Figure 5 shows the improvement provided by HEX-P for reflection modeling of spinning NS LMXBs in comparison to simultaneous NICER and NuSTAR results with fixed spin. Additionally, the current best constraints from gravitational wave events of binary NS mergers and pulsar light curve modeling demonstrate how the various methods can work in concert to narrow down the allowable region for the EoS. Each method has its own underlying systematic uncertainties, so the firmest EoS constraints will require multiple measurement approaches. Utilizing the dynamical NS mass estimate of Cygnus X-2 (M_NS = 1.71 ± 0.21 M_⊙: Casares et al., 2010), Ludlam et al. (2022) reported an upper limit on the radius of R_NS = 19.5 km for M_NS = 1.92 M_⊙ and R_NS = 15.3 km for M_NS = 1.5 M_⊙. The lower limit on spin and upper limit on R_in return a conservative upper limit on the NS radius. From the HEX-P simulations we calculate an upper limit of R_NS = 16.7 km for M_NS = 1.92 M_⊙ and R_NS = 13.2 km for M_NS = 1.5 M_⊙ for an input of a = 0.3. This demonstrates the power of HEX-P to study rotating NSs with reflection studies. For comparison, we conducted the same simulation with NuSTAR response files. For the highest spin value of a = 0.3, NuSTAR recovers $a=0.67_{-0.54}^{+0.03}$ and R_in $=1.02_{-0.02}^{+0.16}$ R_ISCO. The conservative upper limit on the NS radius from the location of the inner disk radius is larger than 6 R_g and therefore does not provide an improvement over current reflection studies that assume the spin is fixed at a = 0. Performing this test with the combination of NICER and NuSTAR marginally improves the recovered spin value to $a=0.68_{-0.50}^{+0.02}$, but with a larger upper limit on R_in $=1.02_{-0.02}^{+0.18}$ R_ISCO, which is still $>1$ km larger than the constraints obtained from HEX-P (i.e., R_NS = 18.5 km for M_NS = 1.92 M_⊙ and R_NS = 14.4 km for M_NS = 1.5 M_⊙).

FIGURE 5

FIGURE 5. Mass and radius constraints from reflection modeling compared to NS gravitational wave events and NICER pulsar light curve modeling. The darker solid orange region indicates the improved radius constraints for reflection modeling of HEX-P data based on Cygnus X-2 for the case of high a. Note that both R_in and a are free parameters when fitting the HEX-P data, while the NuSTAR plus NICER analysis fixes a = 0 (lighter solid orange region in panel (A); Ludlam et al., 2022). The solid gray region indicates where causality is violated (i.e., the sound speed within the NS exceeds the speed of light). Pulsar light curve modeling of NICER data for PSR J0740 + 6620 is indicated in teal (dashed lines: Miller et al., 2021; solid lines; Riley et al., 2021). Maroon indicates the results for light curve modeling of PSR J0030 + 0452 (dashed lines: Miller et al., 2019; solid lines; Riley et al., 2019). The black dotted line denotes the mass-radius constraints from the combined GW170817 (Abbott et al., 2019) and GW190425 (The LIGO Scientific Collaboration et al., 2020) signatures using a piece-wise polytropic model as reported in Raaijmakers et al. (2021). Confidence contours correspond to the 68% and 95% credible regions. Panel (B) shows select EoS models from Lattimer and Prakash (2001) to demonstrate the behavior of different internal compositions on the mass-radius plane.

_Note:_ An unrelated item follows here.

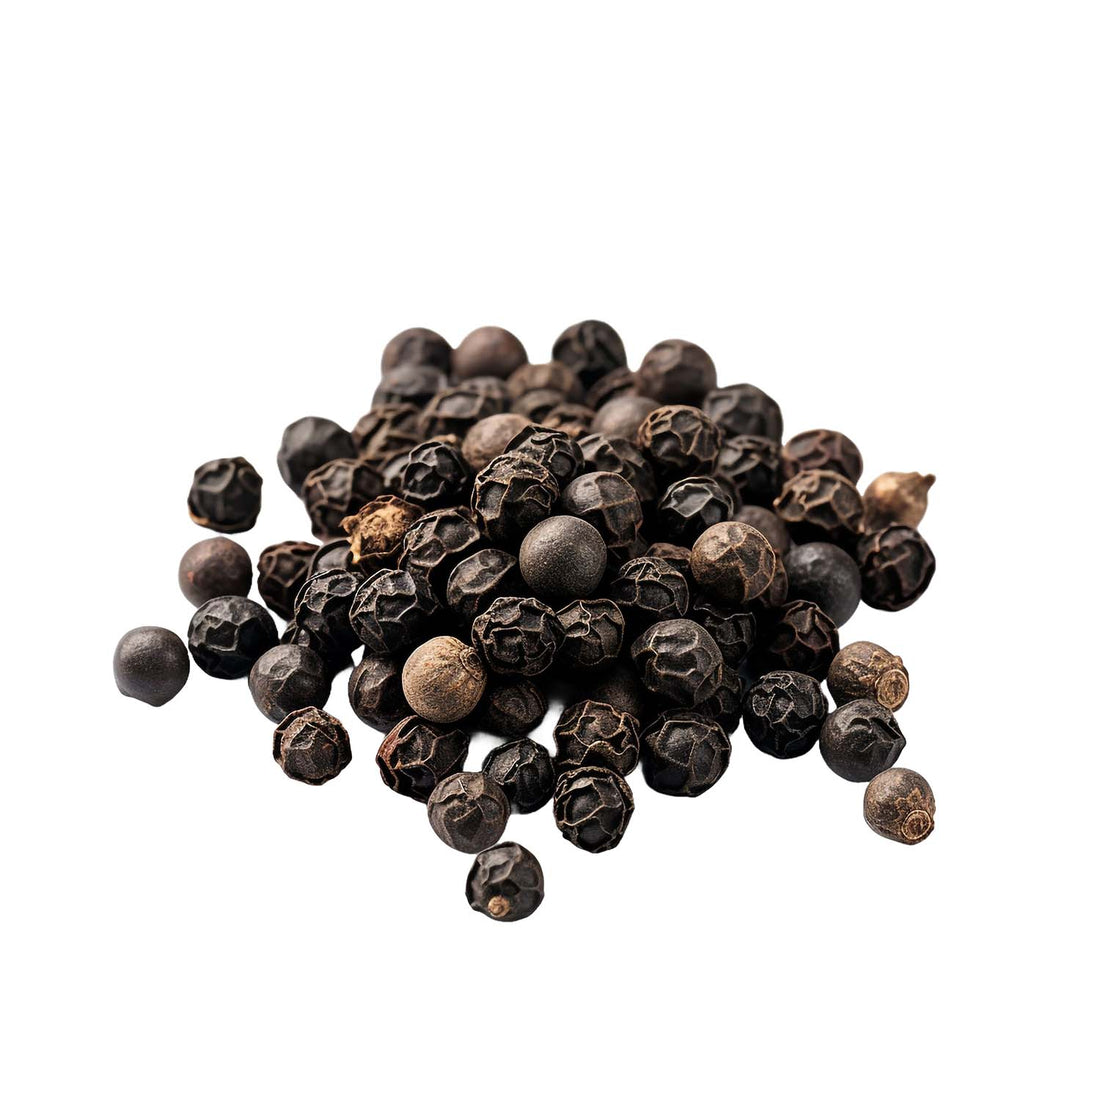 Black pepper for acne-prone skin: a natural remedy to combat breakouts and promote clearer complexion.

We demonstrate that these results do not depend on drawing from a posterior distribution of simulated spectra by conducting Markov Chain Monte Carlo (MCMC) analysis on one of the simulated HEX-P spectra with an input spin of a = 0.3. The results of this test are shown in Table 1 with the inclination fixed at the median value from optical and X-ray studies (Orosz and Kuulkers, 1999; Ludlam et al., 2022). The lower limit on spin of a = 0.1 and upper limit on R_in = 1.12 R_ISCO  still provides an improvement over current NICER and NuSTAR analyses, which fix a = 0. The MCMC analysis finds an upper limit of R_NS = 18 km for M_NS = 1.92 M_⊙ and R_NS = 14.1 km for M_NS = 1.5 M_⊙.

For completeness we note that the Kerr metric is used to describe the space-time close to the NS in the relativistic reflection model. As the angular momentum (i.e., spin) increases, the NS can become oblate, thus causing deviations in space-time from the Kerr metric due to an induced quadrupole moment. The exact induced deviation depends upon the EoS of the NS, but this has an effect $<10$% (Sibgatullin and Sunyaev, 1998) in the anticipated range of spin parameters for NS LMXBs (a ≲ 0.3). Given that our 1σ errors for R_in are larger than this deviation from the Kerr metric, the HEX-P spectra would not be sensitive enough to measure this effect. However, our conservative upper limits on NS radius are still at larger radii than the deviation in the R_ISCO and hence are not in conflict even if we are insensitive to an induced quadrupole moment. Therefore, reflection studies of accreting NS LMXBs with HEX-P would provide improved upper limits on NS radii in comparison to current studies.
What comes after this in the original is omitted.